If you read any of the articles then you know, but ex-PayPallers have gone on to start some not only amazing but highly lucrative ventures. Heard of something called YouTube? Yep, started by two guys who used to work at PayPal. The same goes for staple of the internet, certainly if you live in a major city, and next Craigslist 2.0 Yelp.com. The silly sounding user generated Yellow Pages has raised tens of millions of dollars, and has the potential to shake up the local advertising the way it has quietly started to unseat Citysearch as the de facto source for area information. And, let’s not forget $20 million wealthier Slide.com and the $12.5 million in more capital LinkedIn. Both are ventures started and led by ex-PayPal. As the New York Times piece says, "Silicon Valley was largely built by networks of people and companies whose interlocking relationships help to spawn new start-ups. But the PayPal alumni have been unusually prolific, especially given the company’s modest size compared to Internet giants like Netscape, eBay and Yahoo."
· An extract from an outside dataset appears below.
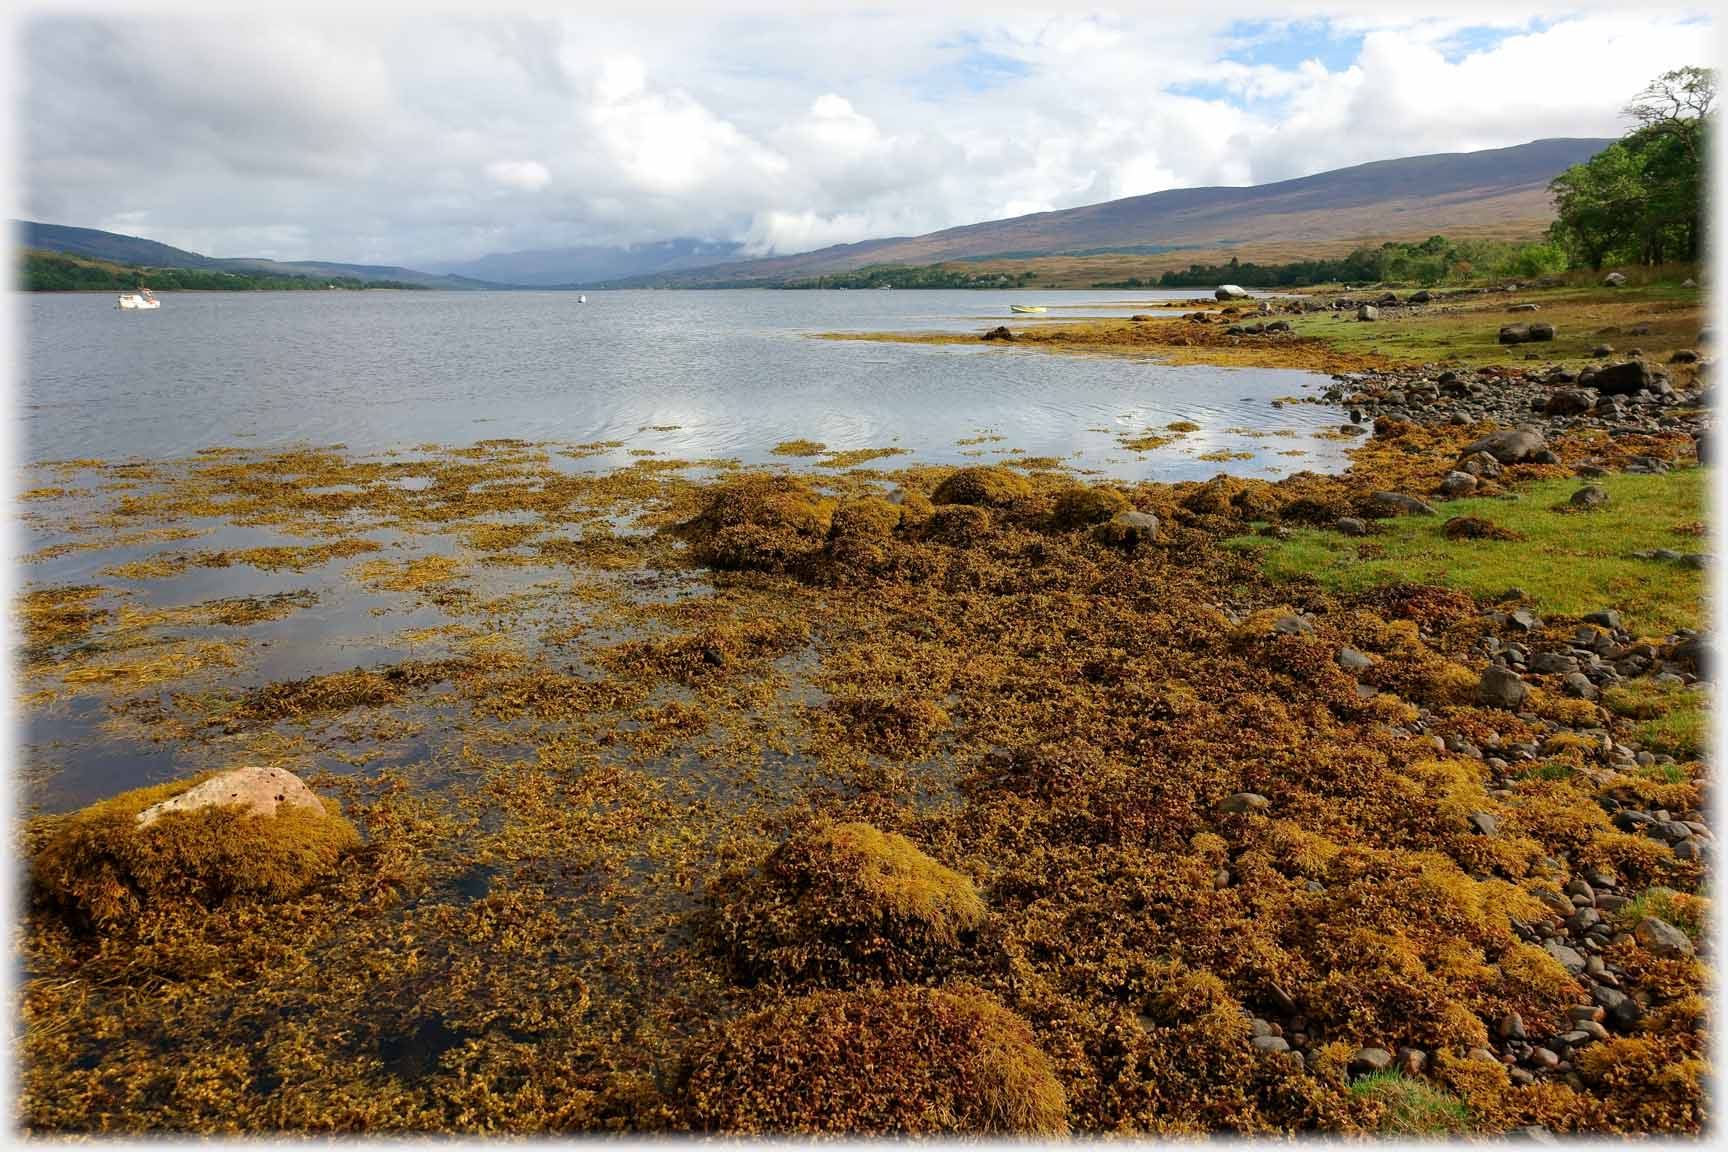 Shoreline of kelp with loch beyond.

Also mentioned and worth sharing the Times’ observation that "the network of PayPal alumni is unusual in that it operates a bit like a microcosm of Silicon Valley itself, and its achievements help to explain one of the enduring paradoxes of the Internet age. Even as the global network, in theory, makes it easier for innovation to happen anywhere, most blockbuster Internet successes continue to be born and bred in Silicon Valley." It comes down to face time. You can have a great idea, but when you spend your time with a person worth hundreds of millions of dollars and others who have skill necessary to create something worth as much, the likelihood of starting something and having it garner the right attention is exponentially higher. You have an all-star team that has the talent, drive, resources, and perhaps as importantly, the trust in each other from doing it together previously. So what does all of this have to do with Web 3.0? Google.
At more than 10,000 people, Google has ten times the number of employees PayPal did. As someone remarked, you can only have so many Einstein’s trying to work together before you run into a problem. No big organization, no matter how great, can provide the same feeling of accomplishment and personal satisfaction that working for a smaller organization can. It’s not wonder Google offers such legendary perks. It helps retain by constructing a huge barrier to exit, like going from playing Augusta as your regular golf course to playing the local muni with its six hour rounds and soggy hotdogs. Sure, you might get more, say, in what you do if you go on your own, but (and insert any positive thing about being a member of the world’s biggest and best tech fraternity).
Despite the current hype and concern over our being in another bubble, that Google exists almost guarantees the next bubble, even if our current internet economy has a hiccup. If Yelp can be started because of a lunch gathering of ex-PayPal employees discussing how hard it is to find a dentist, only to have a former co-founder of PayPal commit $1 million to a site to share user reviews and another ex-coworker to help with the formal investor presentation, just imagine what some of the world’s smartest will decide to solve and how they might solve it when their time comes. Even with the perks and the soaring stock, word of success travels fast, and at a point, no amount of convenience and pampering can stand in the way of human nature and the chance to create the next YouTube.
While no billion dollar acquisitions have occurred in the direct marketing space, what has played out at PayPal has played out in our space on a smaller scale. Besides their being a decent amount of cross-pollination among companies, more than a few of some very successful startups in the performance space got their start from an ex at a Nextag, Adteractive, Quinstreet, etc. The trend will continue, and it’s potentially only a good thing. PayPal is a well run company and succeeds even after its initial team of founders and executives have left. Unlike PayPal, the Googlers who depart will most likely not have the benefit of collaborating with the founders, and many most likely did not know each other prior to joining the search behemoth. Still, with that caliber of talent, the cache of their work experience, and a pool of more than one thousand millionaires, some of those people and some of that money will go on to give the rest of us either new places to advertise and/or places to waste our time.